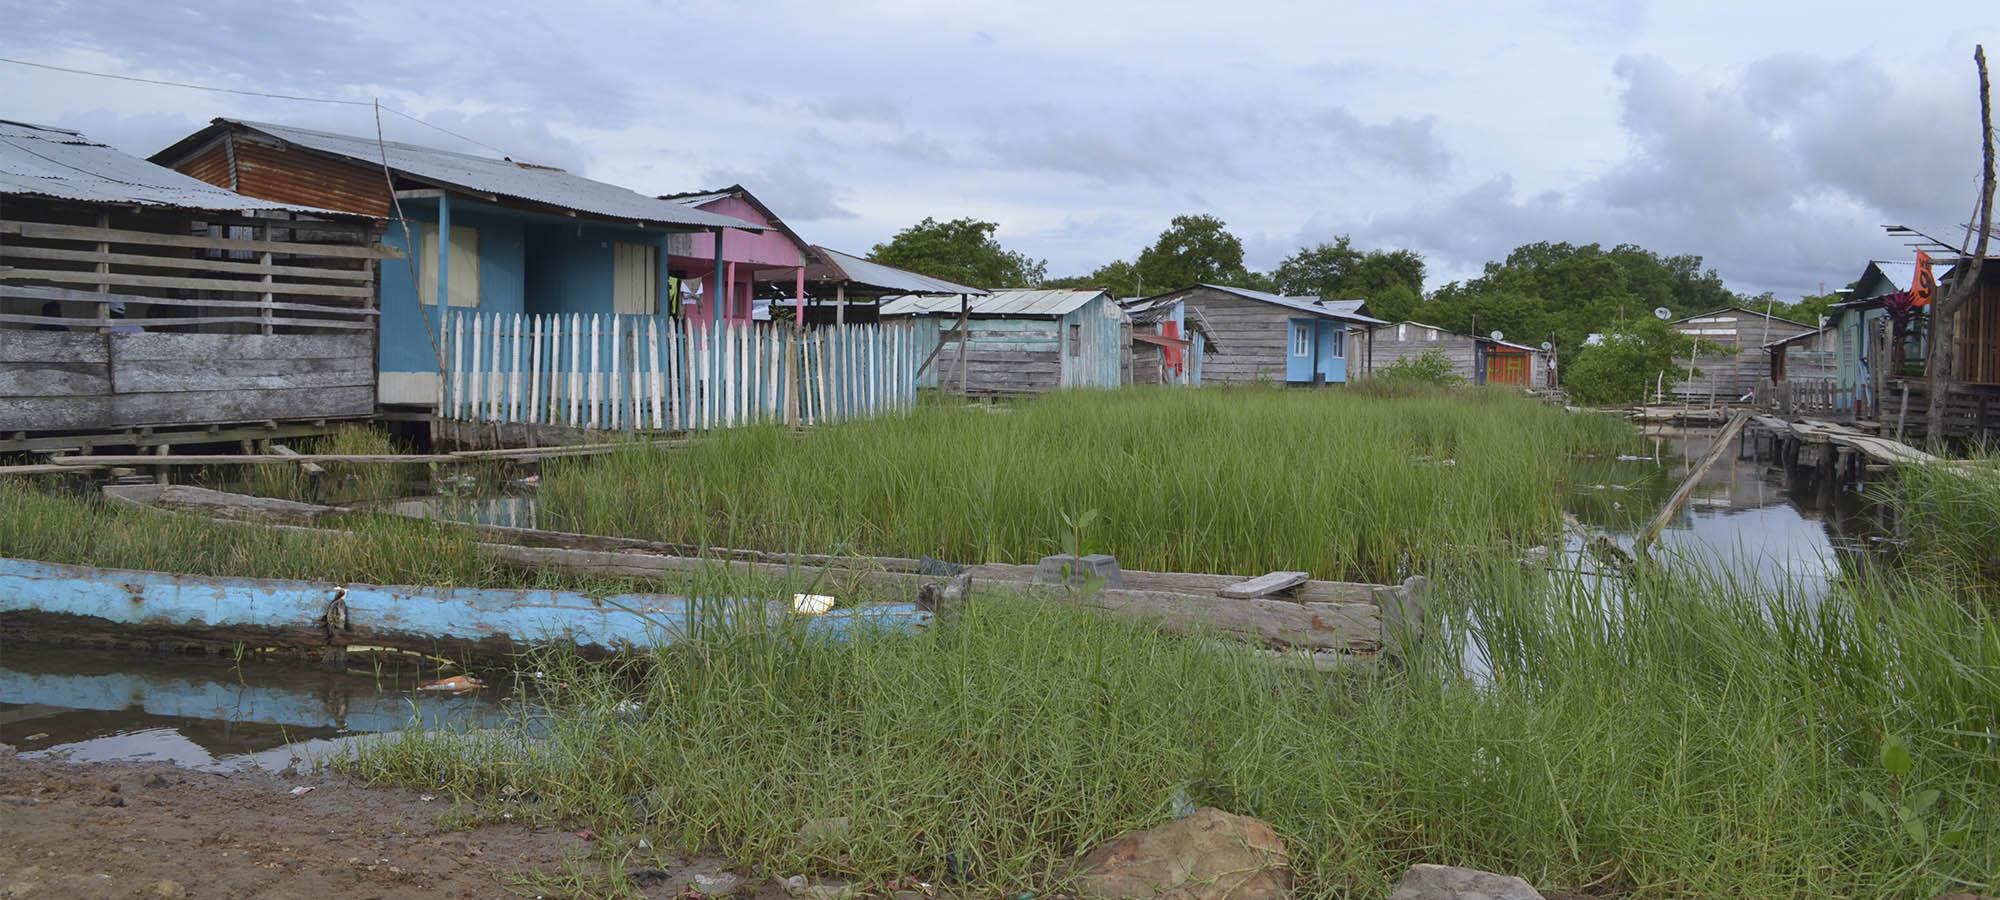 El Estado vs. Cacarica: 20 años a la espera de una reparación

---

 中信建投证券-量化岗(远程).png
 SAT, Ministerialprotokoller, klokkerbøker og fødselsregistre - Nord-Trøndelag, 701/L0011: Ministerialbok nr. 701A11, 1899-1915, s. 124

...

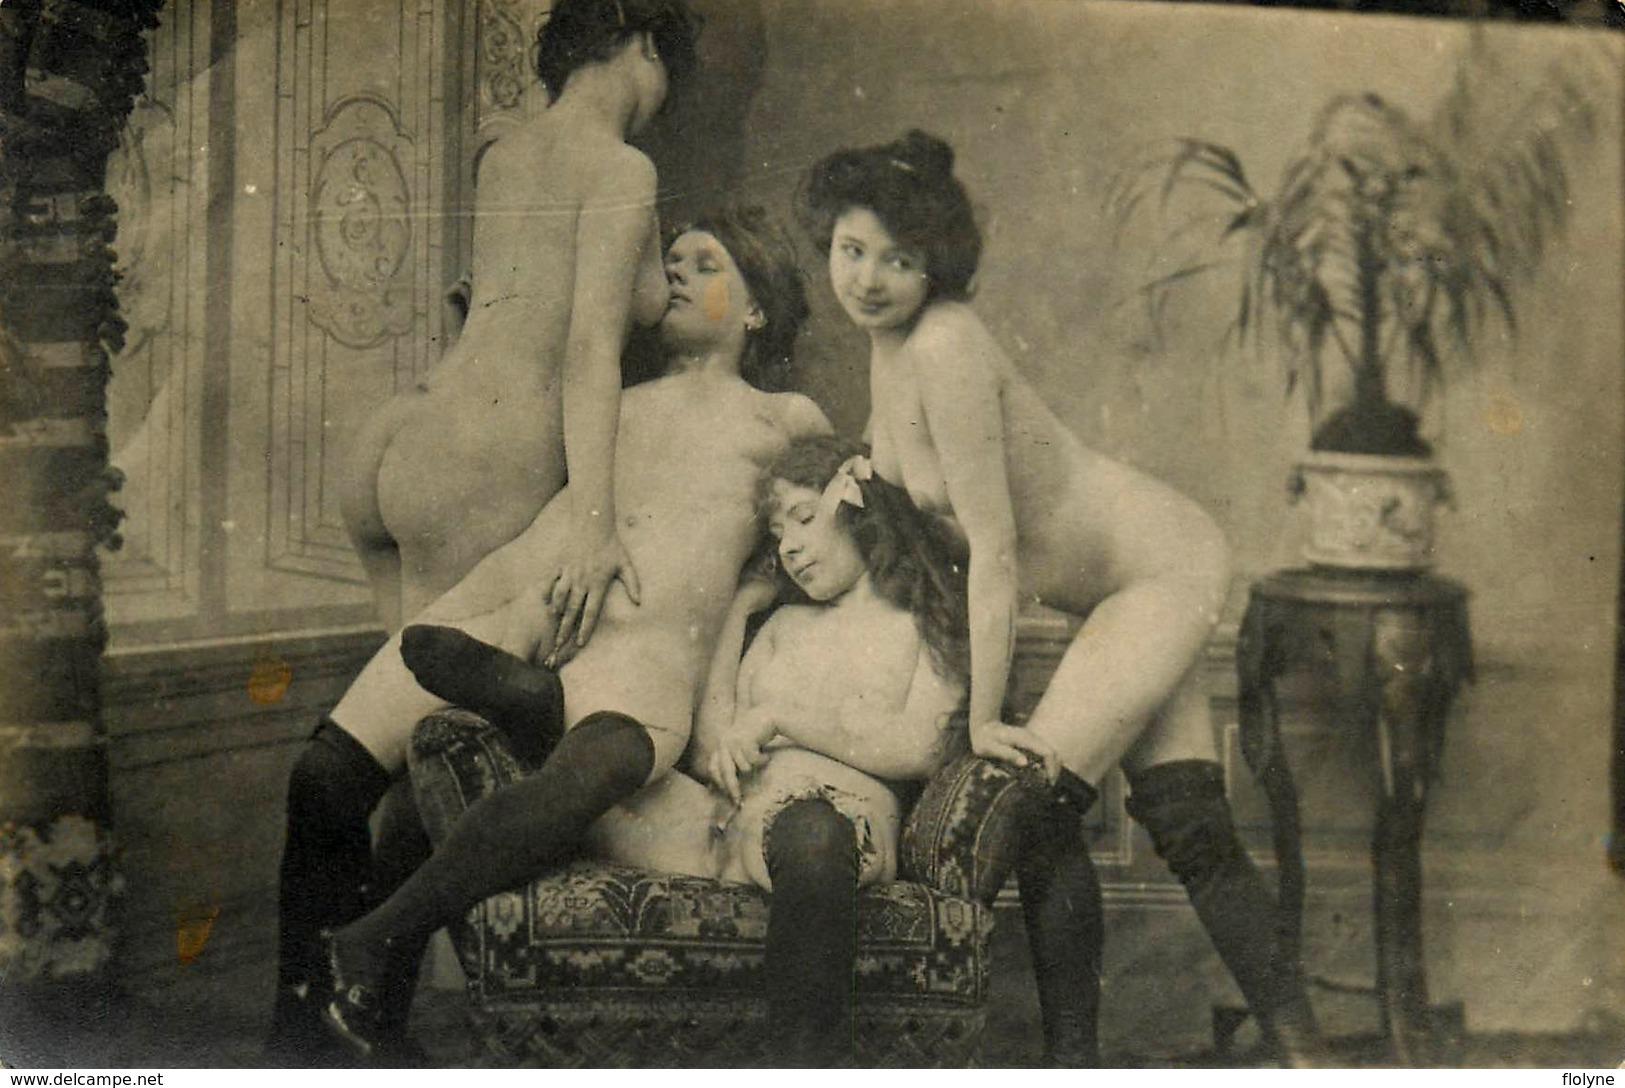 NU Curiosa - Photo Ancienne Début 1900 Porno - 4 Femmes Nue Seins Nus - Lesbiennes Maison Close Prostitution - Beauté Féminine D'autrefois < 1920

> **What to do**:
Using the data above, print exactly the lines from the line that contains "中信建投证券-量化岗(远程).png" through the line that contains "SAT, Ministerialprotokoller, klokkerbøker", with both included.

> **Written answer**:
 中信建投证券-量化岗(远程).png
 SAT, Ministerialprotokoller, klokkerbøker og fødselsregistre - Nord-Trøndelag, 701/L0011: Ministerialbok nr. 701A11, 1899-1915, s. 124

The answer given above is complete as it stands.